Exercise
Reproduce only what runs from the line containing "Чехол накладка для" to the line containing "Portal Vetrex" in the records below, inclusive. Keep it exact, and keep the pictures out.

The data
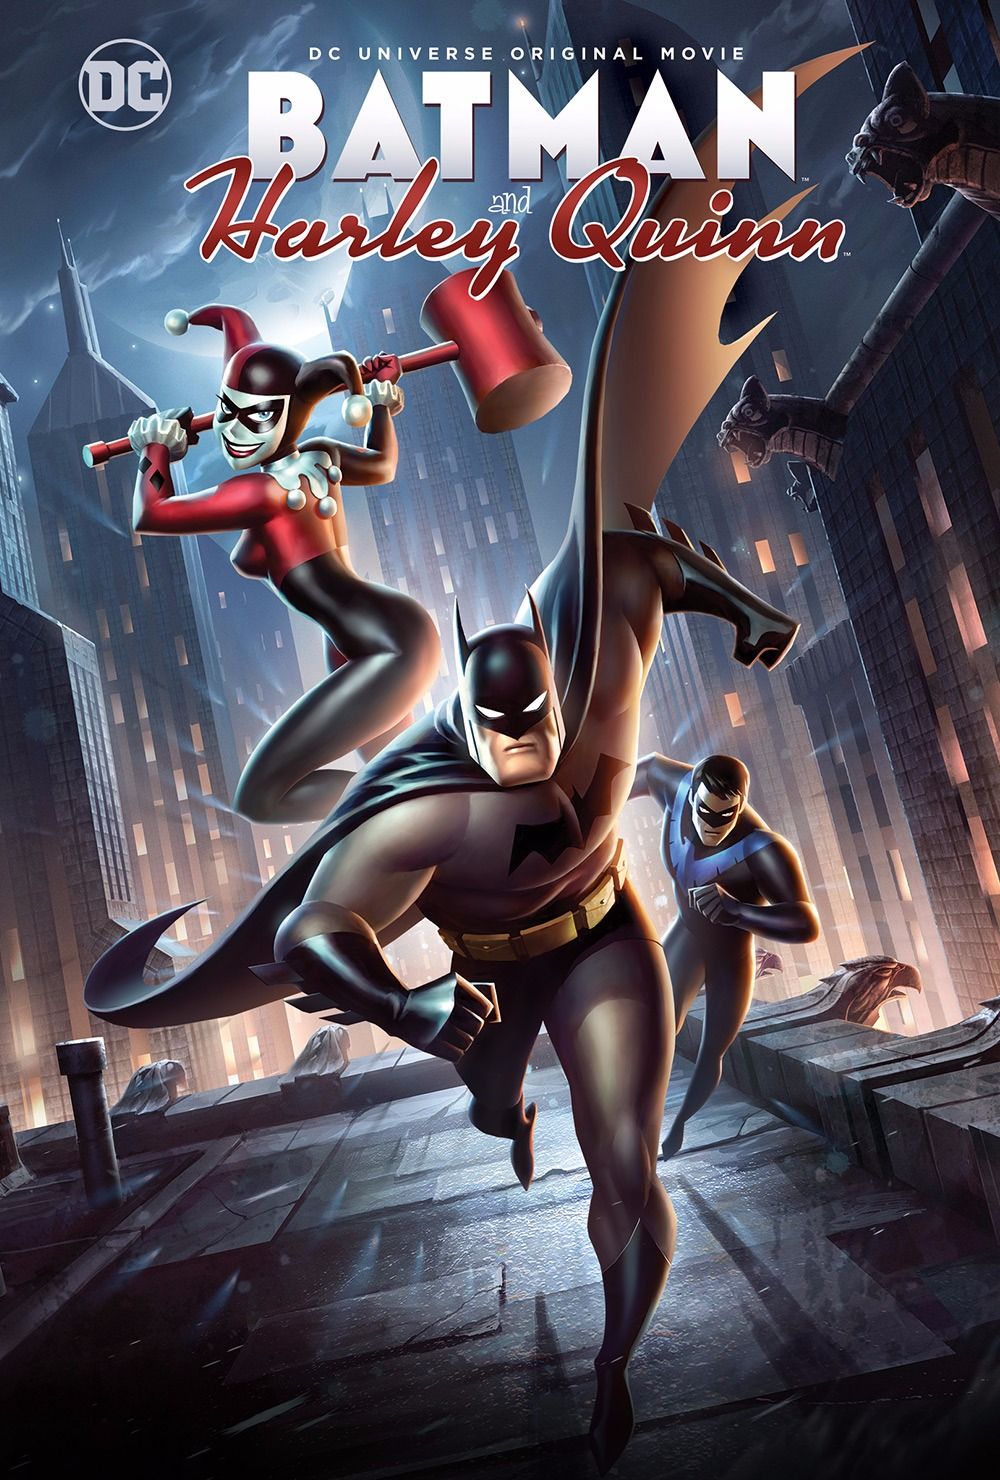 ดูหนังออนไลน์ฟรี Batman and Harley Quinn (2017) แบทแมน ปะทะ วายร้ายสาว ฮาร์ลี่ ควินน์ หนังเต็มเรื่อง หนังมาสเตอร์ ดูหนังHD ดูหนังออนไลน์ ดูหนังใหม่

* * *

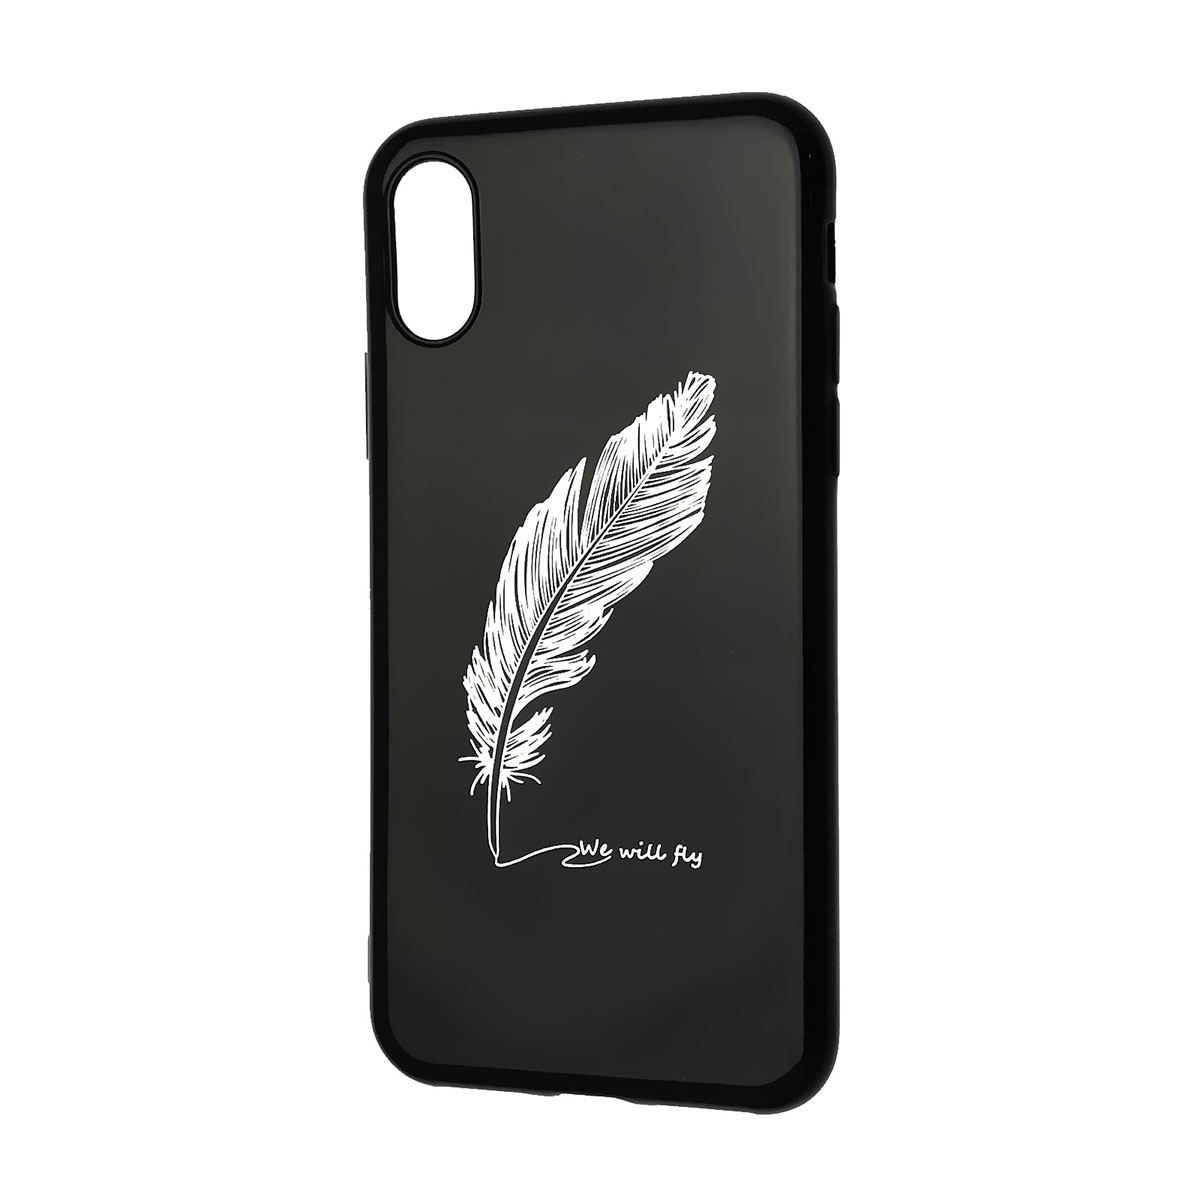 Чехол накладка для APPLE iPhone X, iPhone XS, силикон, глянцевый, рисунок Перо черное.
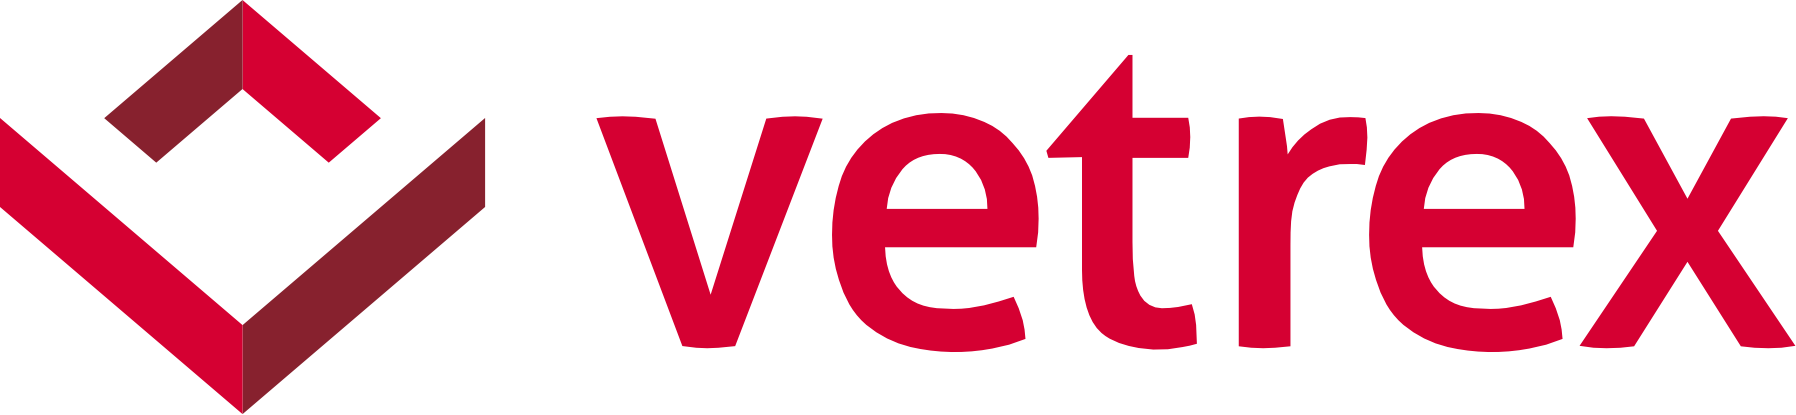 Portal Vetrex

Reply to the task
 Чехол накладка для APPLE iPhone X, iPhone XS, силикон, глянцевый, рисунок Перо черное.
 Portal Vetrex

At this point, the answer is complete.